Of course, we must be careful with this concept. God’s grace is not a license to sin. The scriptures condemn those “ungodly persons who turn the grace of our God into licentiousness” (Jude 1:4, NASB). We must still, “Pursue peace with all men, and the sanctification without which no one will see the Lord” (Hebrews 12:14, NASB). But that sanctification does not rest upon some single moment of weakness [OMGoodness, I’ve broken down and eaten that hotdog]; but, rather, it’s a matter of the heart—a walk of life!
How on earth did I get so carried away with hotdogs? Anyway, while I’m sitting here in limbo with regard to the cancer, I’ve no intention of simply letting life slip by me. Yes, anything could happen. But, anything could happen to any one of us on any given day. Nobody is assured of tomorrow. I was reminded of this yesterday when, following the ordeal with the scans, I was sitting in the hospital waiting for a prescription to be filled and I noticed a plaque up on the wall which read, “Yesterday is HISTORY, Tomorrow is a MYSTERY, Today is a GIFT.”

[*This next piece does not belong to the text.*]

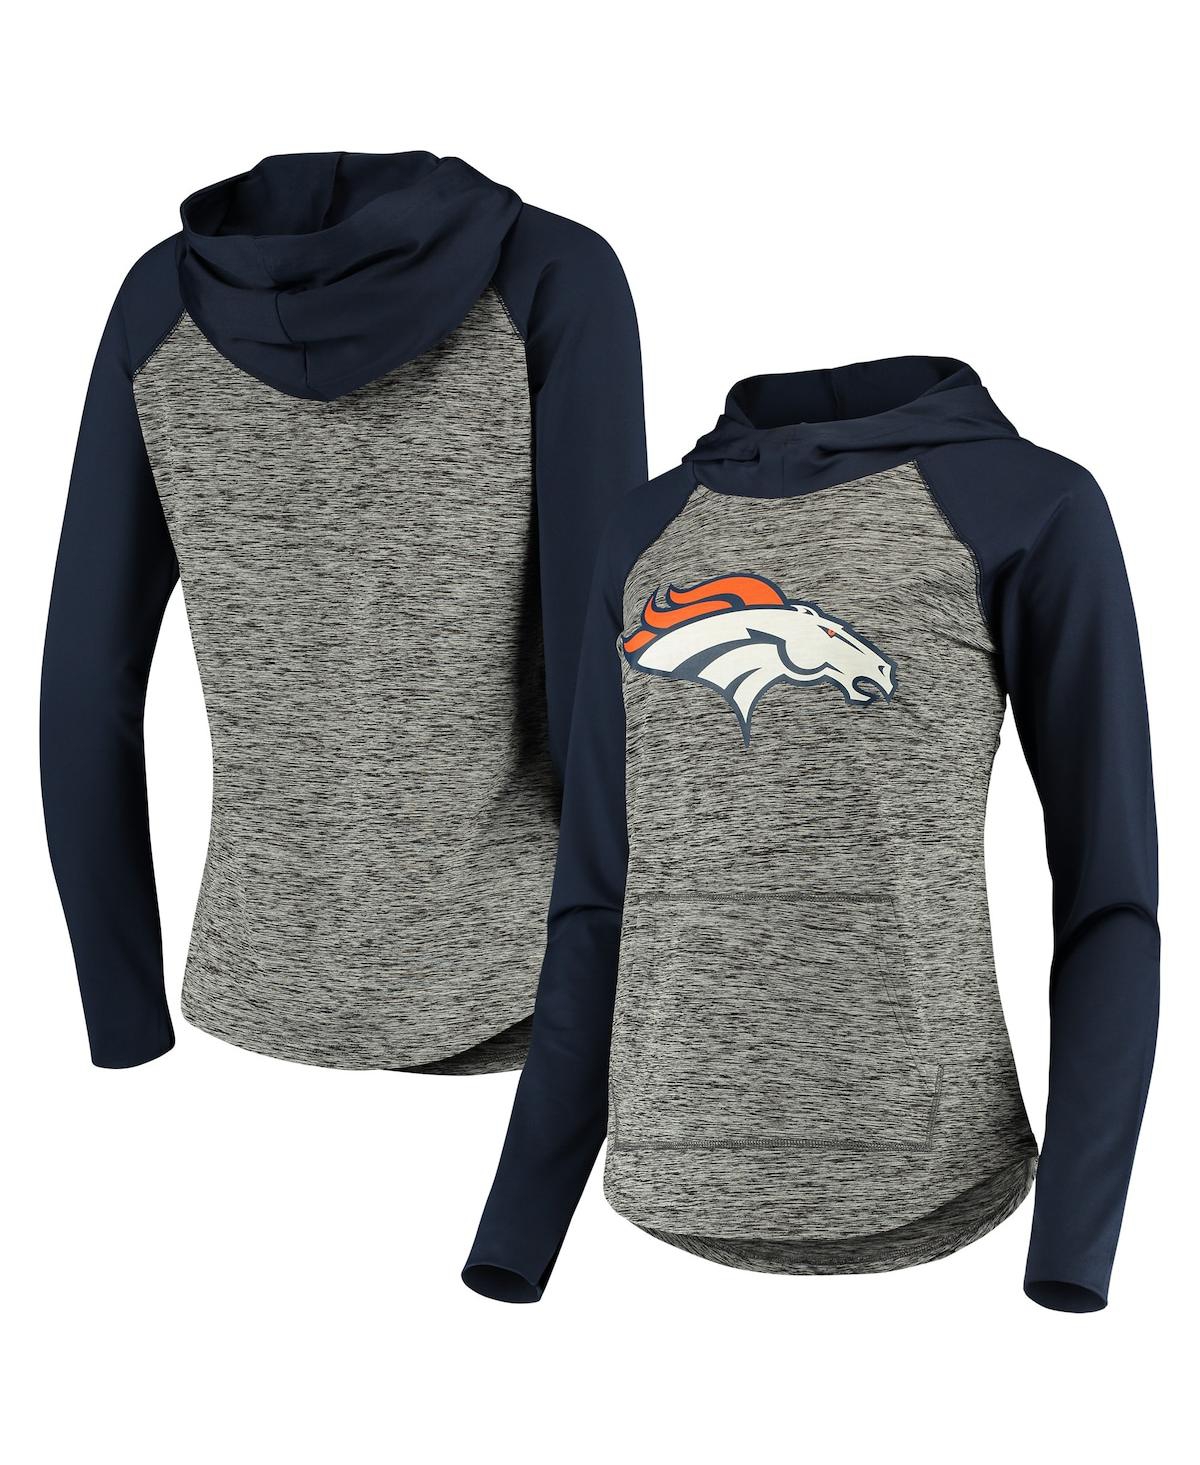 G-III 4HER BY CARL BANKS WOMEN'S G-III 4HER BY CARL BANKS HEATHER GRAY, ORANGE DENVER BRONCOS CHAMPIONSHIP RING PULLOVER HOOD
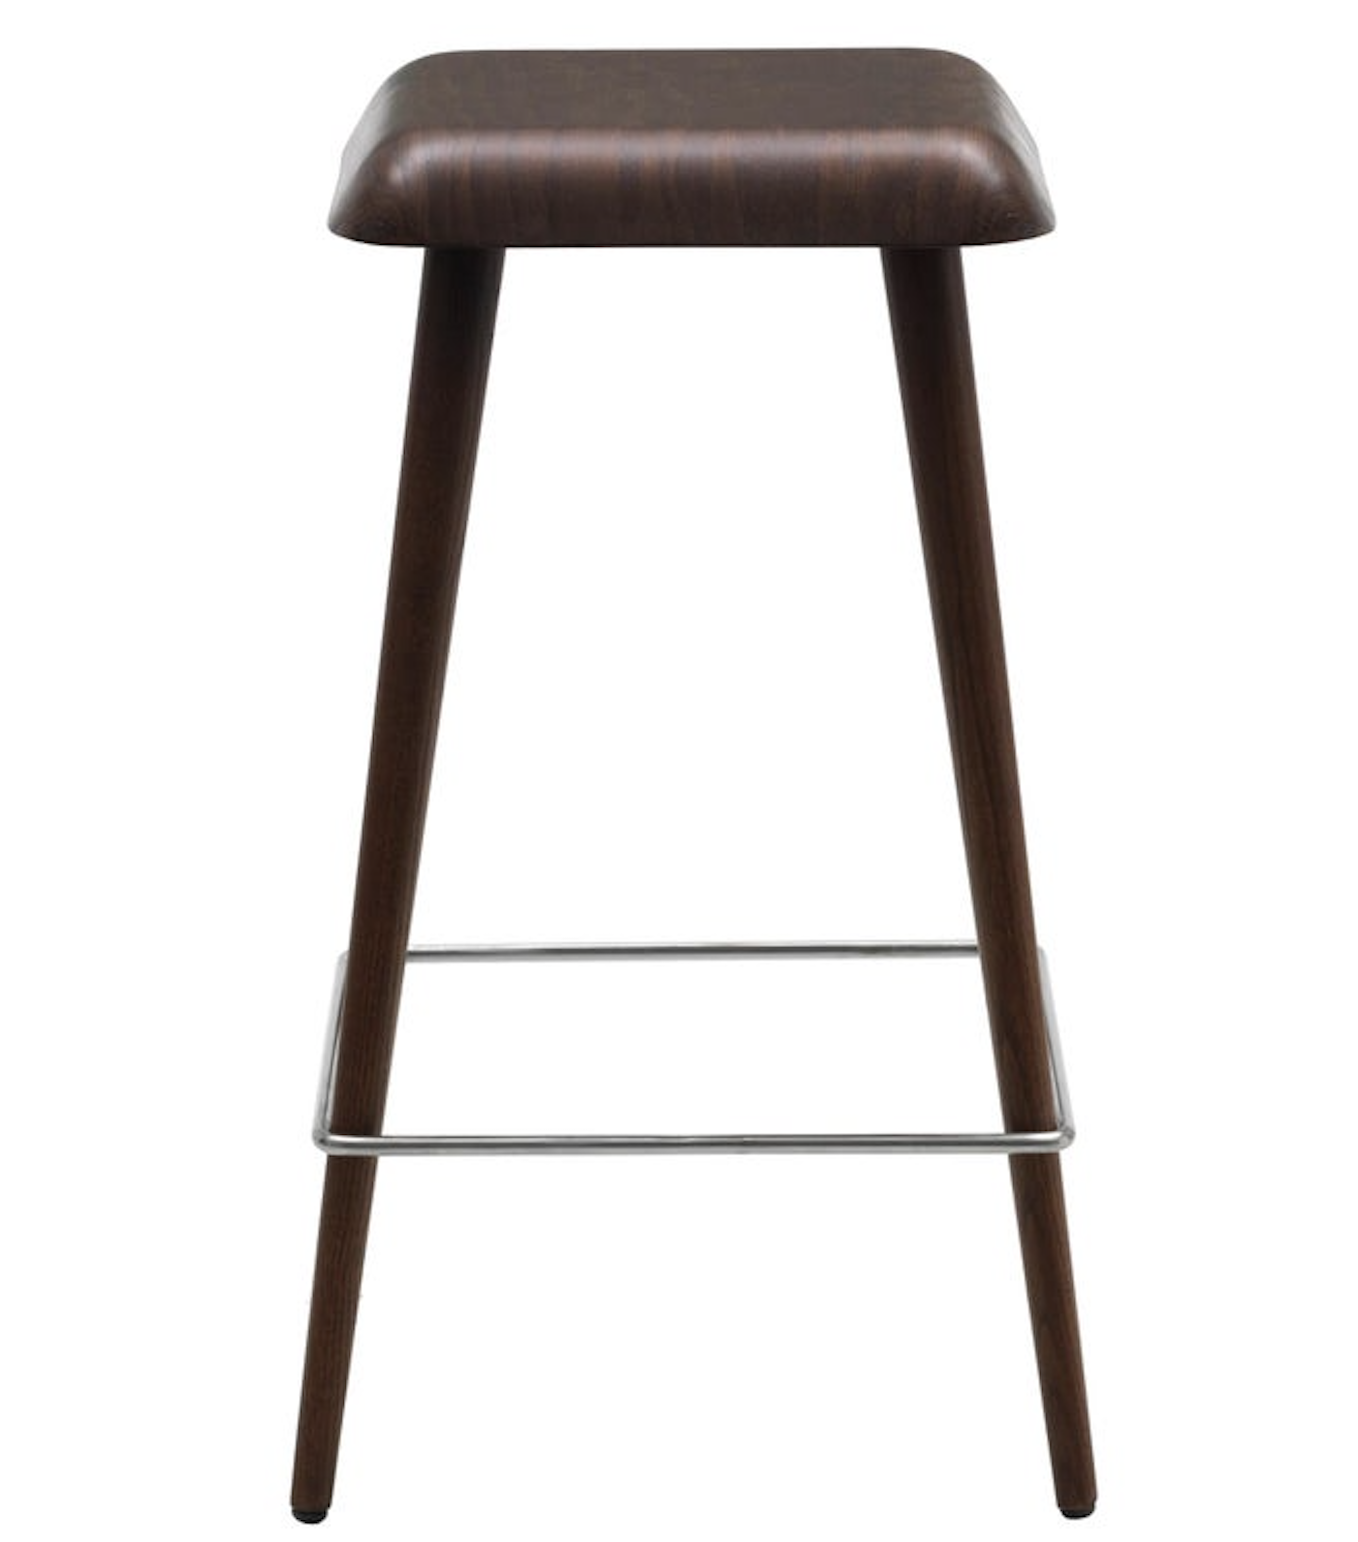 Product Image daddy long legs stool

When you think about it, today is all we really have. No wonder the scripture says, “This is the day which the Lord has made; Let us rejoice and be glad in it!” (Psalm 118:24, NASB). This is where “faith” comes into play. The Apostle Paul also exhorts us, saying, “Therefore, being always of good courage, and knowing that while we are at home in the body we are absent from the Lord—for we walk by faith, not by sight—we are of good courage, I say, and prefer rather to be absent from the body and to be at home with the Lord. Therefore we also have as our ambition, whether at home or absent, to be pleasing to Him” (2 Corinthians 5:6-9, NASB).
I’ve got things to do, people to love, opportunities to reach and teach, a life to live, and a God to serve. I refuse to allow what “might happen” to get in the way of all of that!